FIGURE 9. Rhizomes of genomes illustrative of the mosaicism of the genomes of representatives of the four TRUCs of microbes including Tupanvirus soda lake (a mimivirus) (A); Encephalitozoon intestinalis (a microbial eukaryote) (B); Methanomassiliicoccus luminyensis (an archaeon) (C); and Rickettsia bellii (a bacterium) (D). The genes of these four microorganisms were linked to their most similar sequences in the NCBI GenBank protein sequence database according to the BLAST program (https://blast.ncbi.nlm.nih.gov/Blast.cgi), classified according to their belonging to viruses, eukaryotes, bacteria or archaea, and integrated in a circular gene data visualization.
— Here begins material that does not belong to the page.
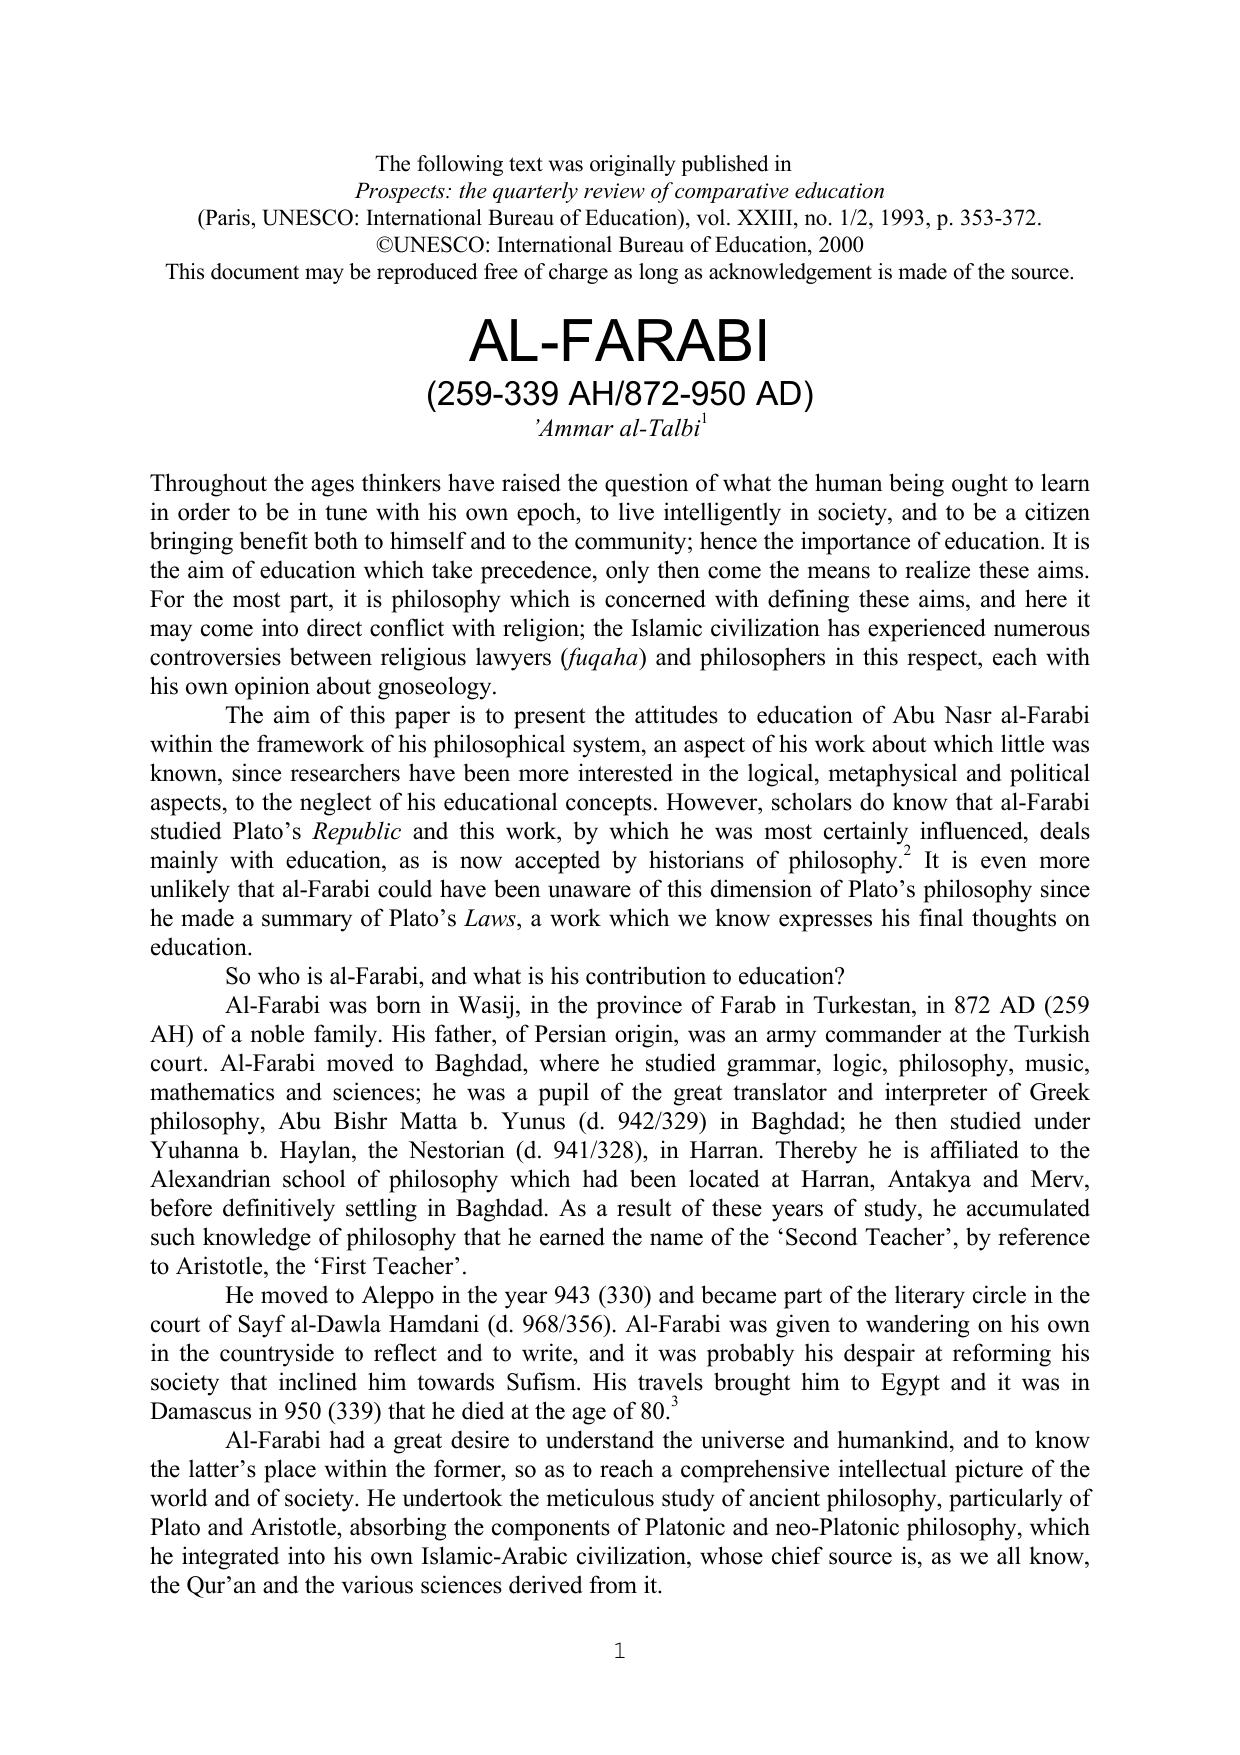 Al- Farabi

The figures were performed using the CIRCOS online tool (http://mkweb.bcgsc.ca/tableviewer/visualize/). Circular representations in A and C are the same than those produced for figures from articles Abrahao et al. (2018) and Levasseur et al. (2017), respectively, as they originate from the same data. These representations are licensed under CC BY 4.0 (https://creativecommons.org/licenses/by/4.0/) and CC-BY-NC (https://creativecommons.org/licenses/by-nc/4.0/), respectively.
FIGURE 10. Rhizomes of methionyl-tRNA synthetase gene fragments illustrative of the mosaicism of the genes of representatives of the four TRUCs of microbes including Tupanvirus soda lake (a mimivirus) (A); Encephalitozoon intestinalis (a microbial eukaryote) (B); Methanomassiliicoccus luminyensis (an archaeon) (C); and Rickettsia bellii (a bacterium) (D). Forty amino acid-long fragments of the methionyl-tRNA synthetase encoding genes of the four microorganisms were linked to their most similar sequences in the NCBI GenBank protein sequence database according to the BLAST program (https://blast.ncbi.nlm.nih.gov/Blast.cgi), classified according to their belonging to viruses, eukaryotes, bacteria or archaea, and integrated in a circular gene data visualization. The figures were performed using the CIRCOS online tool (http://mkweb.bcgsc.ca/tableviewer/visualize/).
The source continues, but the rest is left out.